Security Requirements

Given the participation of industry partners like BASF SE, security is paramount. The platform must adhere to stringent industrial security protocols, including robust encryption standards, strong user authentication, and advanced Data Loss Prevention (DLP) capabilities to protect sensitive information. The chosen solution, BASF SE Sharepoint, provides this required level of security, ensuring all collaborators have access under strictly controlled, auditable conditions. This commitment to security is non-negotiable for building trust within the industry-academia alliance.

Functional Requirements

Beyond security, the platform must facilitate efficient research. Key functional requirements include:

  • User and Access Management: Precise control over who can view, upload, or modify specific data sets.
  • Data Ingestion and Metadata Capture: Streamlined tools for uploading data while immediately capturing mandatory metadata.
  • Discoverability and Querying: Features that allow researchers to easily find relevant data through standardized metadata fields.
  • Interoperability: The ability to link with external NFDI4Cat services and analytics tools.

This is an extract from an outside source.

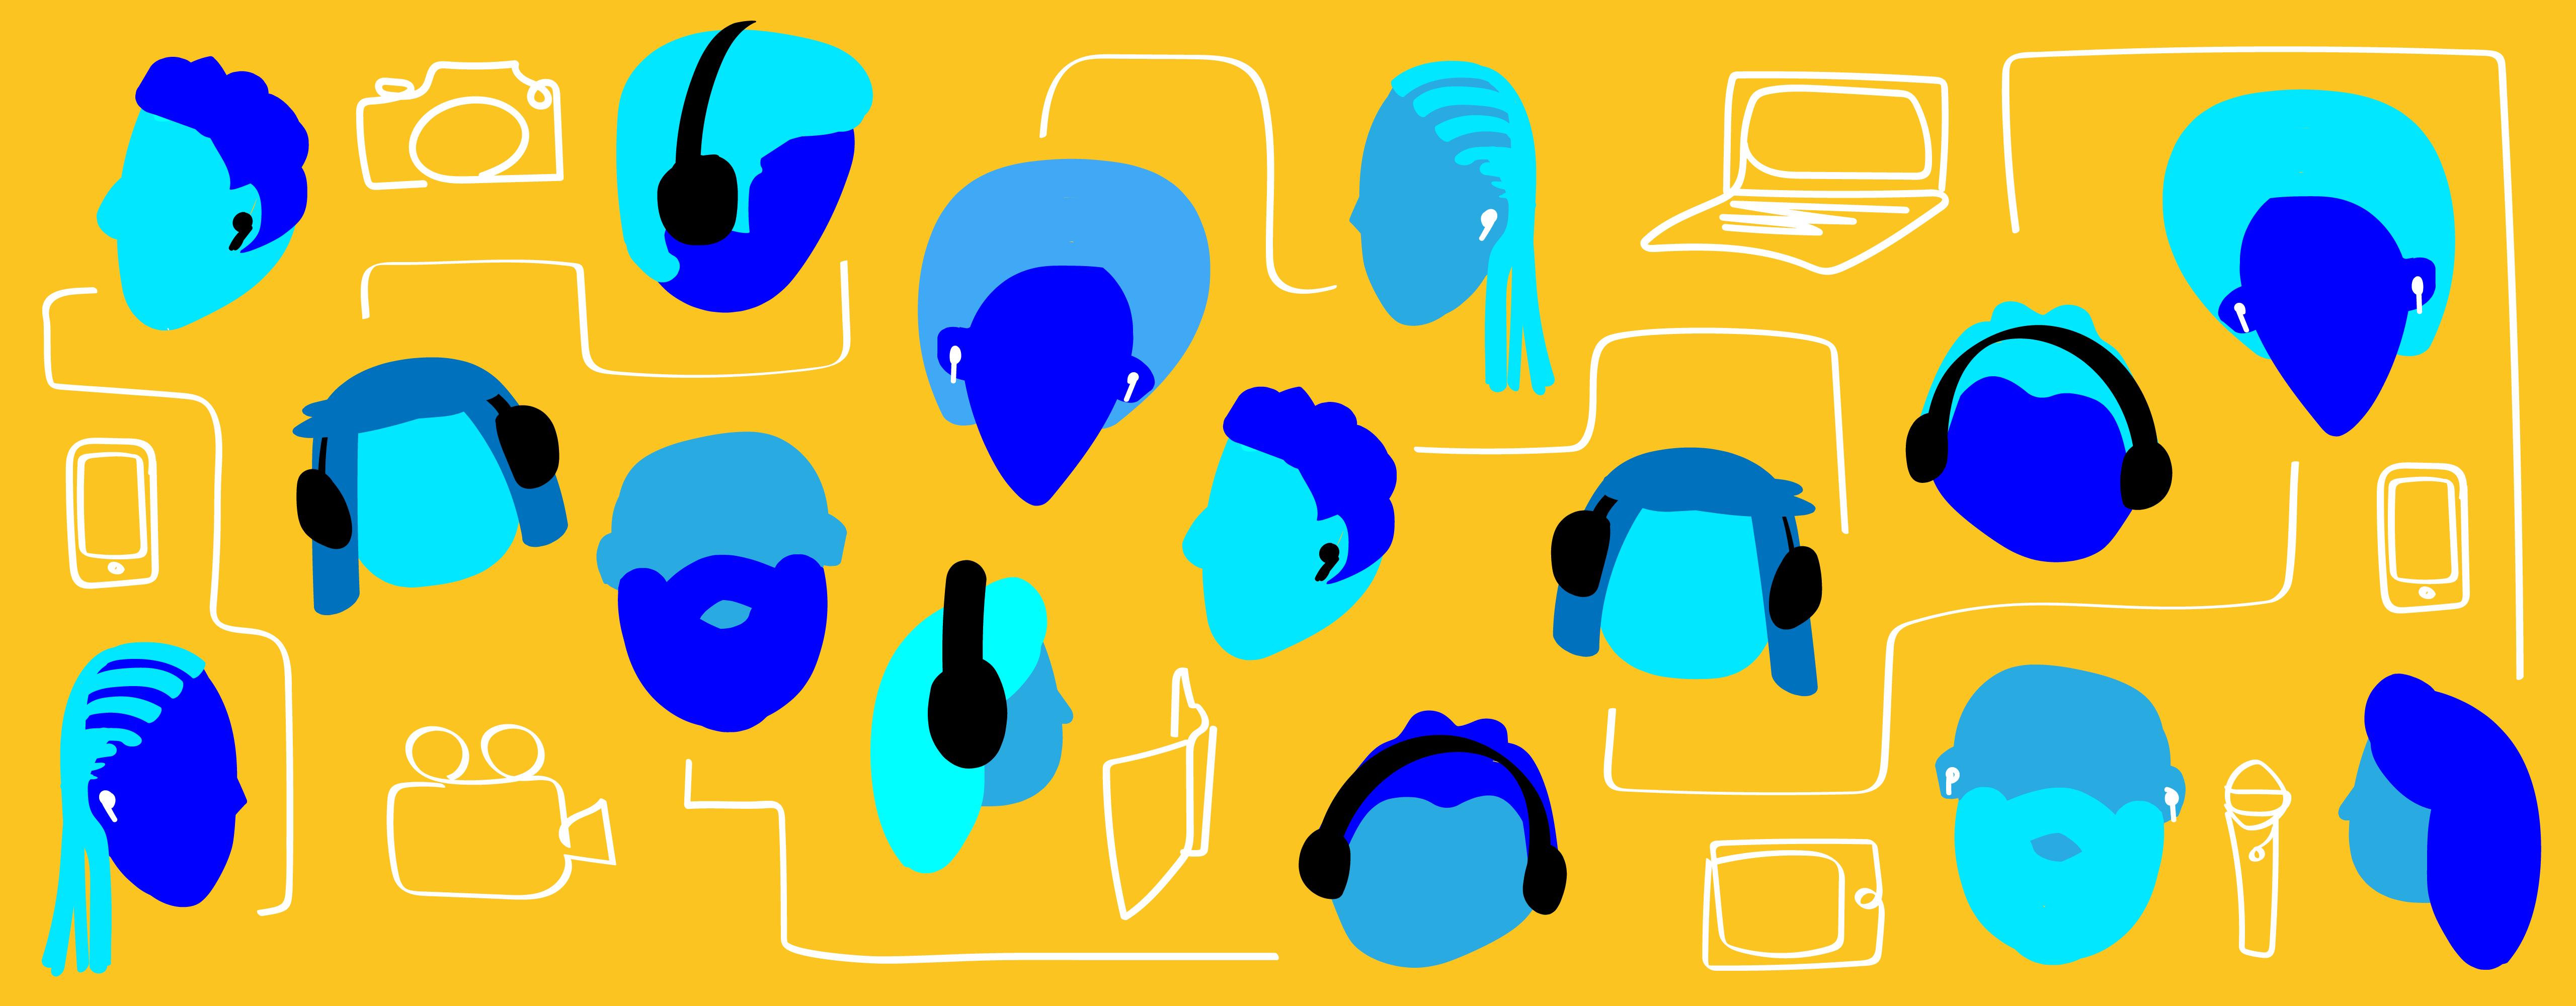 Gráfico mostrando muitas cabeças, algumas com fones de ouvido e vários dispositivos, como laptops, telefones e tablets

2. Standardized Terminology: Voc4Cat

To enable true machine-readability and seamless data integration, human language ambiguity must be eliminated.

  • Solution: Voc4Cat (Vocabulary for Catalysis)
  • Purpose: Voc4Cat is the first comprehensive, community-developed vocabulary specifically for catalysis research. It serves as an authoritative dictionary to unambiguously define concepts, parameters, and entities (e.g., reaction conditions, catalyst morphology). By enforcing the use of standardized terms from Voc4Cat, we ensure that data generated at different institutions is semantically aligned, directly addressing the Interoperability principle of FAIR data. This effort is crucial for validating and combining disparate datasets.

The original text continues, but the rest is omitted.